RPS26 depletion affects cells proliferation but does not inhibit global translation

The RPS26 is a component of the 40S ribosomal subunit and its inclusion or depletion from this subunit affects translation of selected mRNA but does not impact overall translation rate (Schütz et al, 2018; Ferretti et al, 2017; Havkin-Solomon et al, 2023; Yang & Karbstein, 2022; Gaikwad et al, 2021). For instance, in yeast cultured in stress conditions, Rps26 is disassociated from 40S subunit, which results in translation of different mRNA pool, especially those mRNAs encoding proteins implicated in stress response pathway (Ferretti et al, 2017; Yang & Karbstein, 2022). Moreover, it was shown that RPS26 is involved in translational regulation of selected mRNA contributing to the maintenance of pluripotency in murine embryonic stem cells (Li et al, 2022). Its C-terminal domain interacts with mRNA sequences upstream to the E-site of an actively translating ribosome (Pisarev et al, 2008; Hussain et al, 2014; Anger et al, 2013). This localization may be responsible for the regulation of efficient translation initiation (Pisarev et al, 2008; Havkin-Solomon et al, 2023), especially in a context of non-canonical RAN translation. Hence, these facts encouraged us to further investigate this protein in the context of CGGexp-related RAN translation.

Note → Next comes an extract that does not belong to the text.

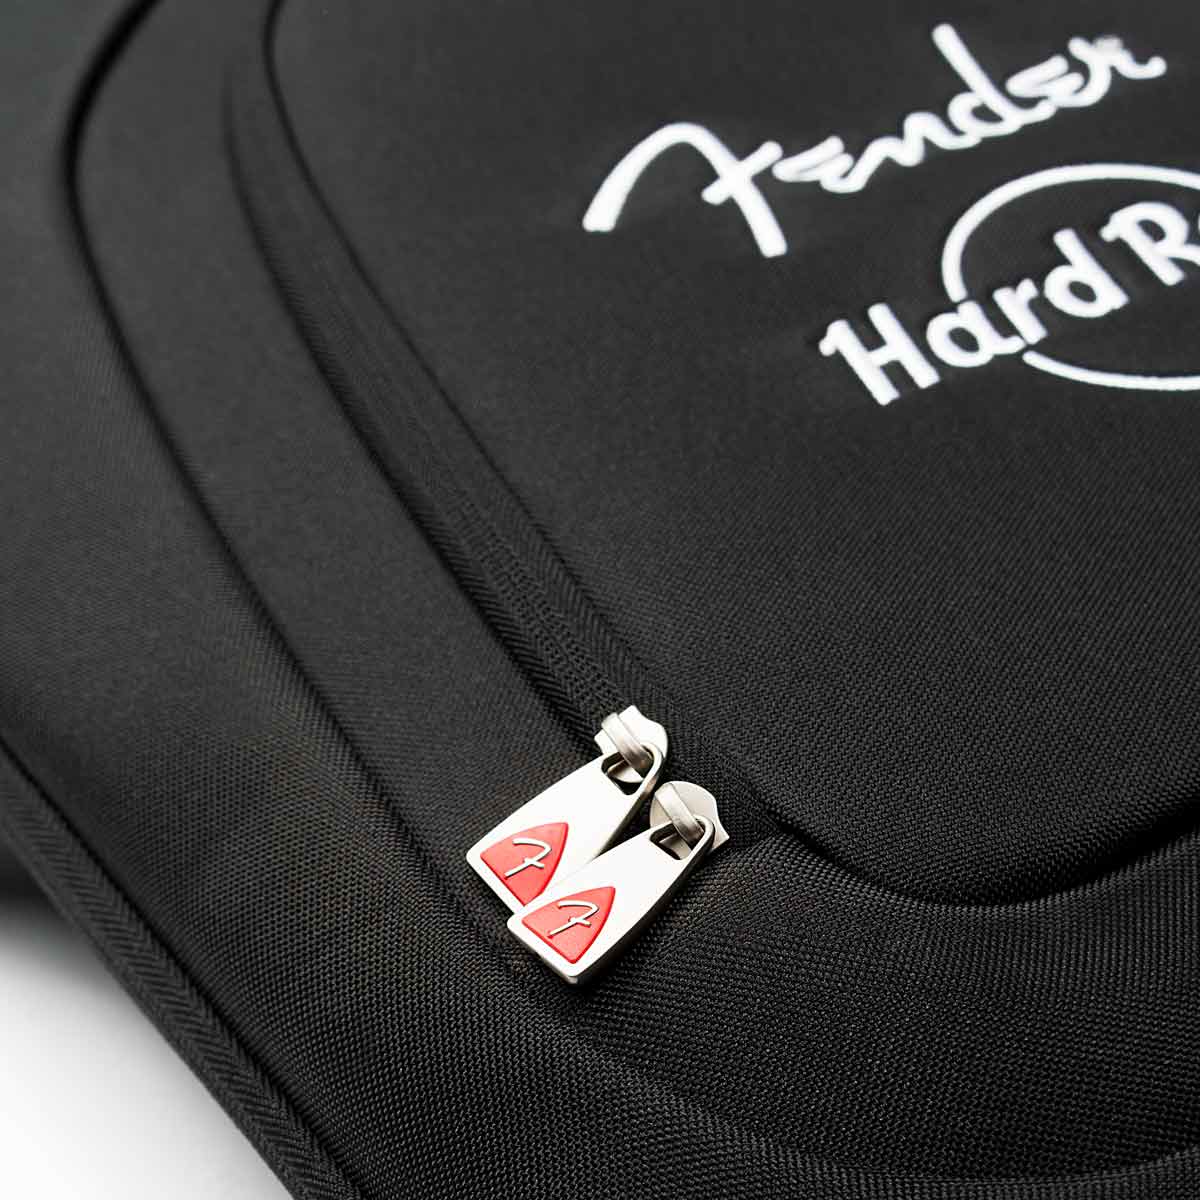 Fender x Hard Rock Electric Guitar Gig Bag in Black image number 2
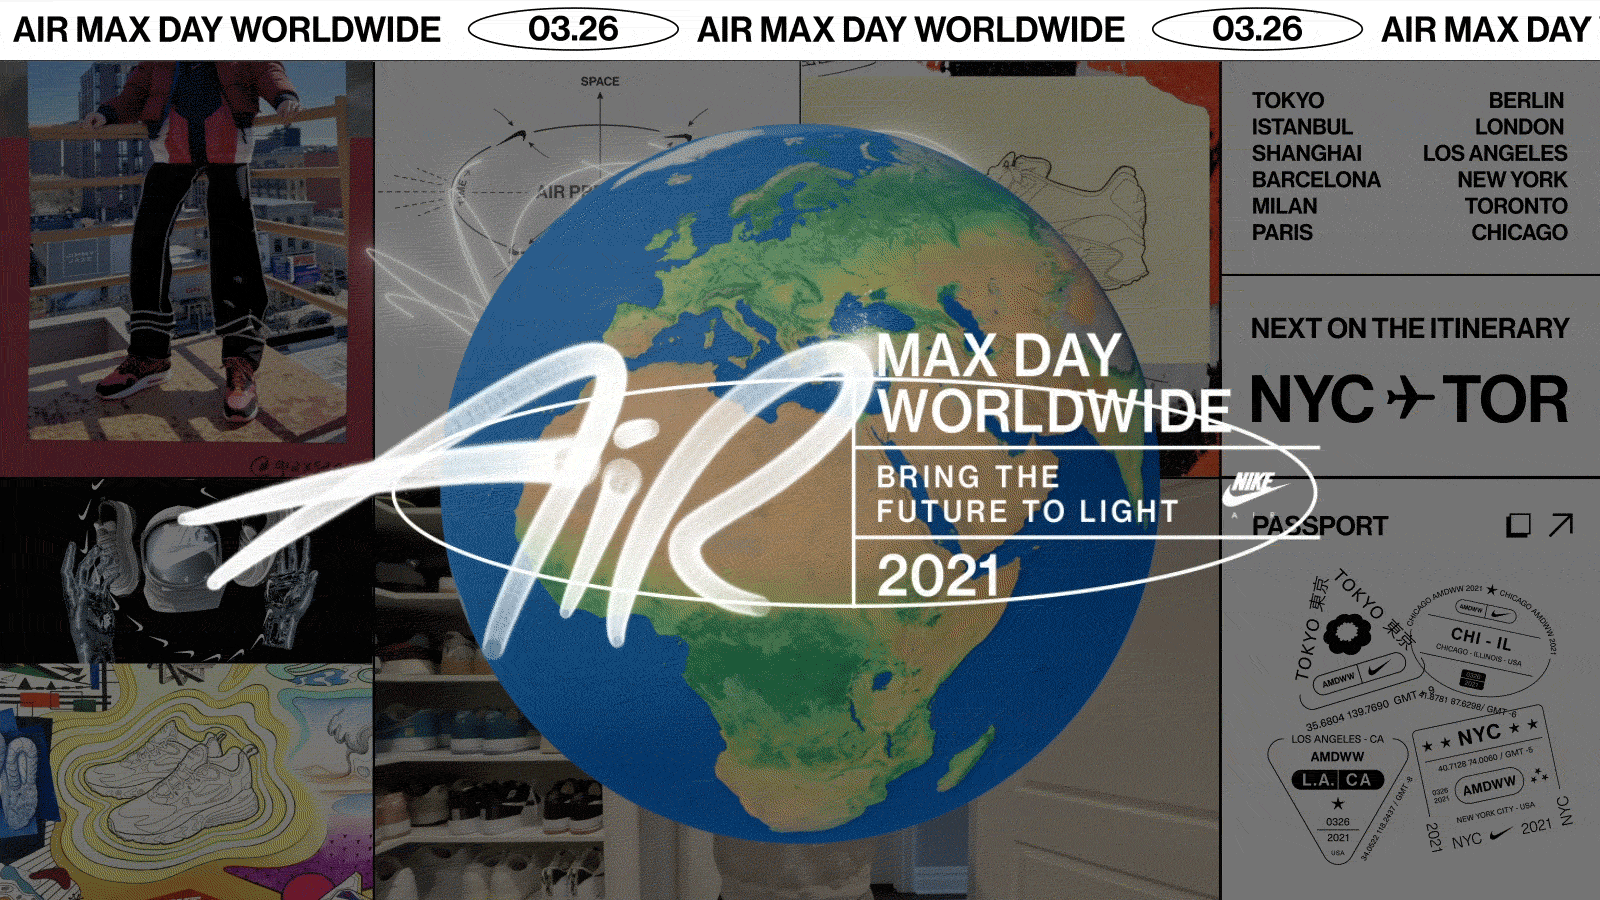 Air Max Day 2021

It was recently demonstrated that RPS26 insufficiency affects cells viability (Havkin-Solomon et al, 2023), hence we asked if RPS26 silencing affects the proliferation rate of HEK293T cells. Forty-eight hours post RPS26 silencing, cells divided less frequently as their number was reduced by 34% in comparison to control siRNA treated cells (Figure 2A). Importantly, almost no dead cells were detected indicating that RPS26 depletion is not detrimental for the cells (Figure 2A). Given that RPS26 is crucial for 40S maturation (Plassart et al, 2021), we verified if RPS26 depletion affects global translation. Surface sensing of translation (SUnSET) assay (Schmidt et al, 2009) demonstrated that RPS26 insufficiency did not elicit significantly the global translation inhibition, as opposed to cycloheximide (CHX) treatment used as a positive control (Figure 2B).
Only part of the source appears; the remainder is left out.